December 9, 2005
US-Japan pork trade seen little affected from any beef deal
US pork exports to Japan are expected to be affected very little initially from the much-awaited reopening of the Japanese market to US beef, according to some market analysts.
On Thursday, Japan's food safety commission approved a report on the safety of US beef, a major step toward the reopening of Japan's ban on imports of US beef that has been in place since late December 2003.

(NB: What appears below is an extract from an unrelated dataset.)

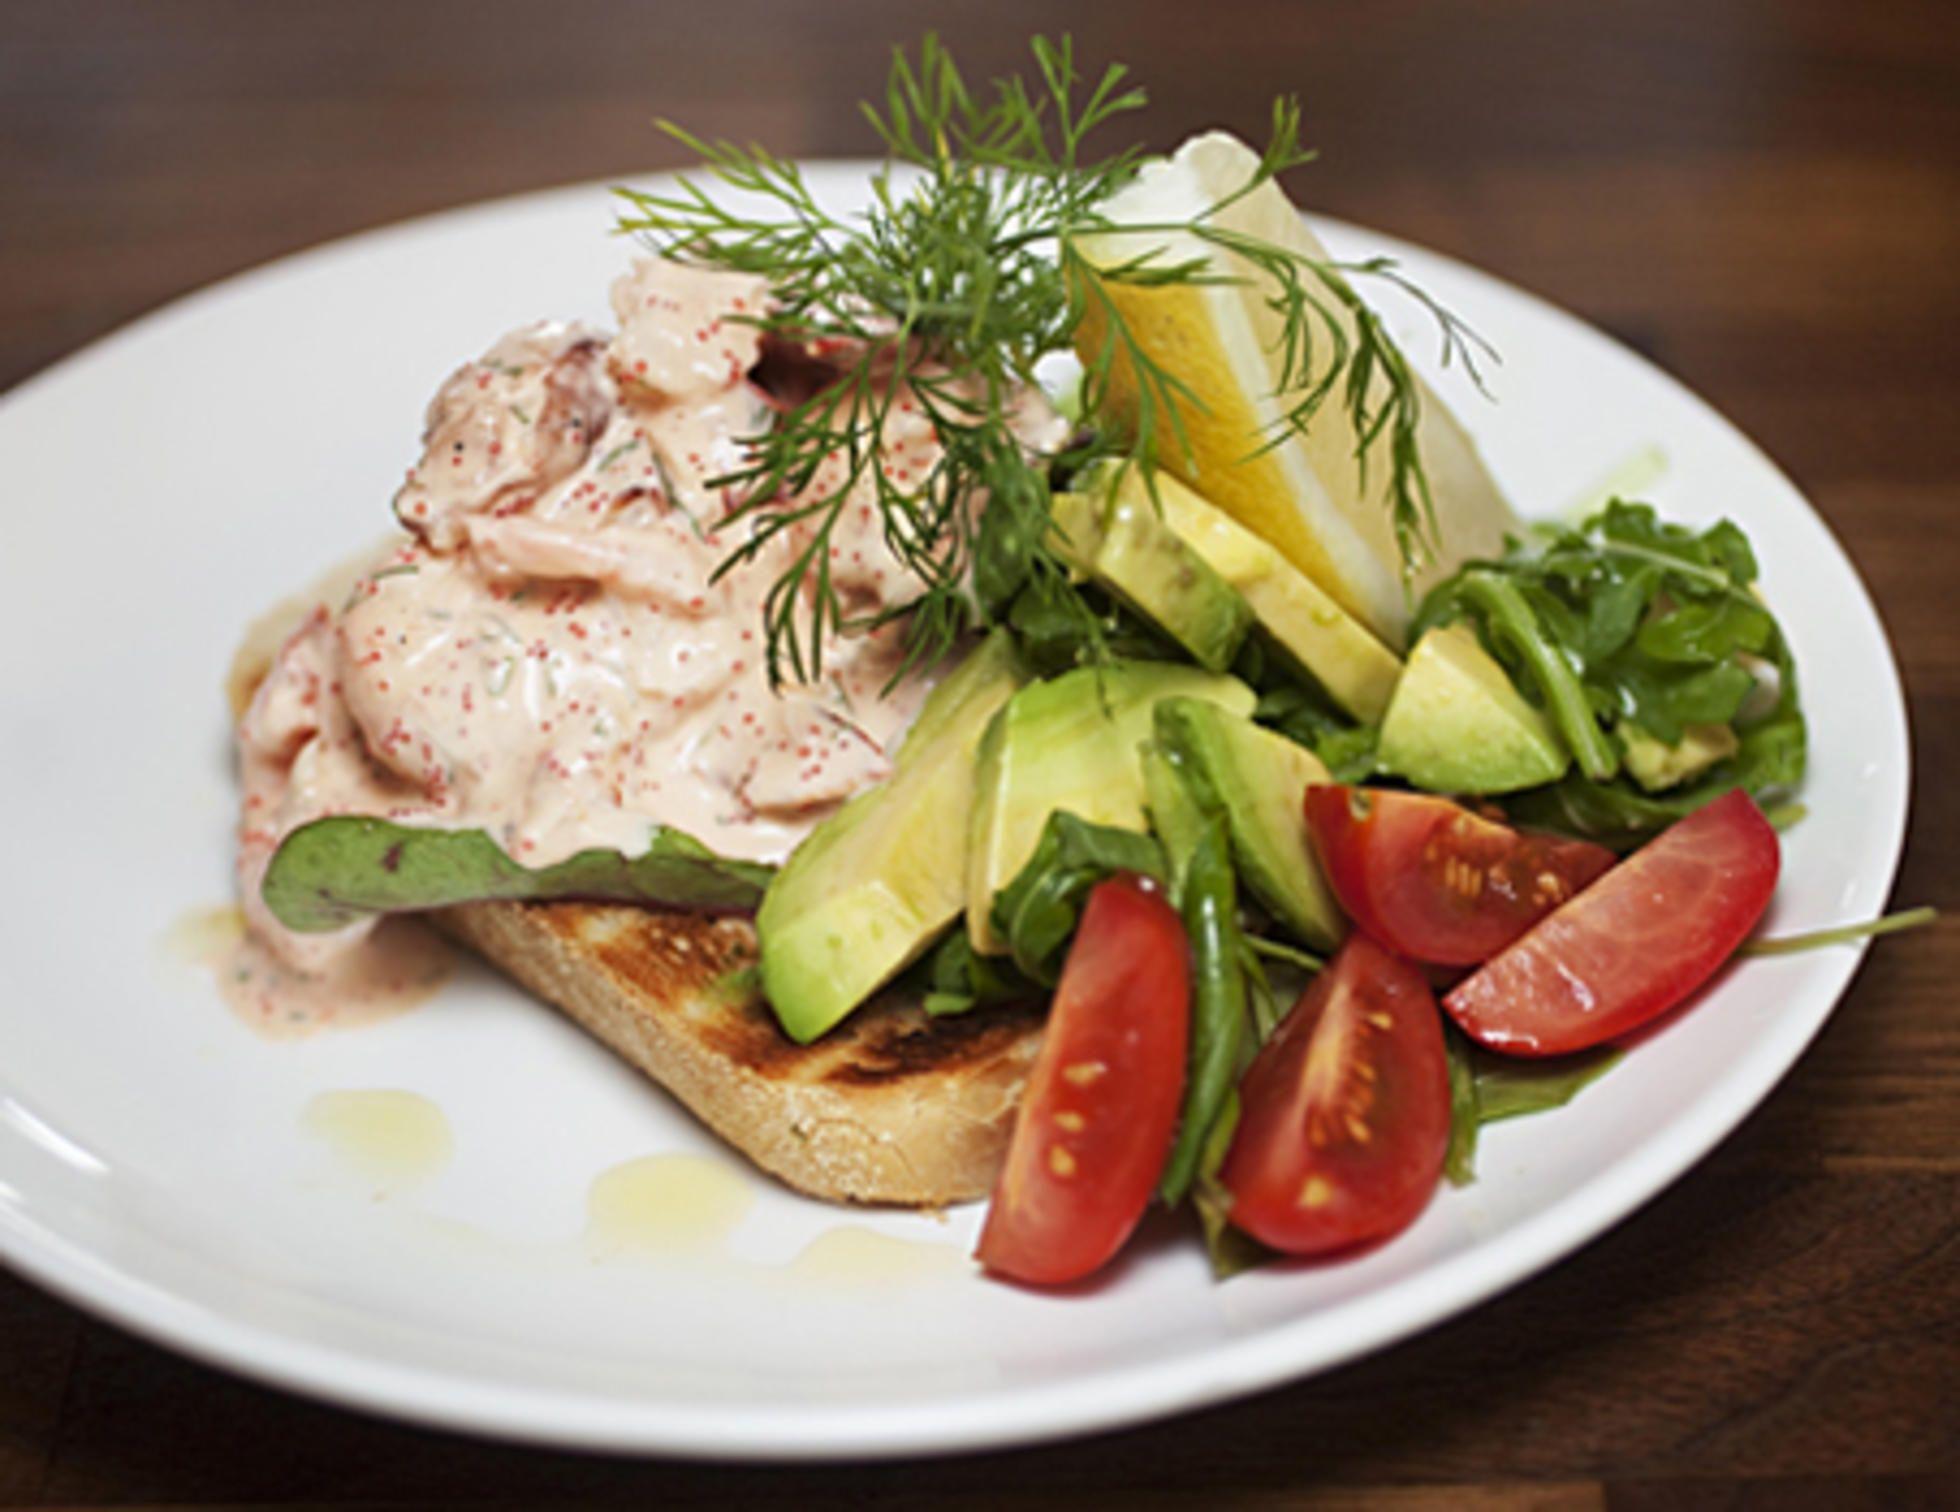 I lange danske frokoster er smørrebrød tingen. Da er det vanskelig å komme unna Skagen-toast.Kilde: Adresseavisen. Foto: Mari Vold

However, upon the lifting of the ban, beef sales to Japan from the US likely will be very slow initially, analysts said.
Japan has imported more US pork since it placed a ban on imports of US beef following the discovery on Dec 23, 2003, of a cow in Washington state with mad-cow disease. The resumption of beef trade with Japan could displace some of the sales of US pork there, industry sources have said.
Dan Vaught, market analyst with A.G. Edwards and Sons in St. Louis, said if Japan announces soon that it is lifting the ban, as many people expect, he thinks it will take a while--probably three to four months--before there will be a significant volume of beef exported to Japan. Further, he projects that sales of US beef to Japan for 2006 could be only about 25 percent of the volume that was shipped in 2003.
Based on the relatively small amount of beef predicted to be shipped to Japan in 2006, especially early on, pork sales there likely will not be affected in the short term, Vaught said.
Japan ranked as the US's largest international customer for pork through the first nine months of 2005, with 270,523 tonnes, or about 31.8 percent of total pork exports. Mexico and Canada were the second and third largest international purchasers of US pork.
Don Roose, analyst with US Commodities in West Des Moines, Iowa, said the resumption of beef shipments to Japan could start slower than some people think. "It will take some time," he said.
Roose said Japan's ban on imports of US beef "definitely has had a positive effect on pork as well as poultry sales there, so the reopening of its borders to US beef could affect pork and poultry. However, Japan "can open its market (to beef), but we still have to have consumer acceptance," he said. "We look for a slow reopening."
Roose said the reopening of the Japanese market to US beef would be a "minor negative to the pork market and a minor positive for the beef complex".
Looking at lean hog futures, he said the premiums that are built into futures "are probably already a bit too much-meaning futures are overstated".
Vaught said much of the growth in pork exports the past two years has been to other countries, so a decline in sales to Japan might be absorbed by the other markets.
Also, what may be a "bigger deal," Vaught said, for the pork and poultry sectors than Japan's likely lifting of its US beef ban is what happens with high pathogenic bird flu cases around the world. If there is a major outbreak of human cases of bird flu, people could be reluctant to eat poultry, so exports of US beef and pork could grow. If the disease remains mostly in birds, for countries that have confidence in consuming poultry, US poultry sales abroad could increase.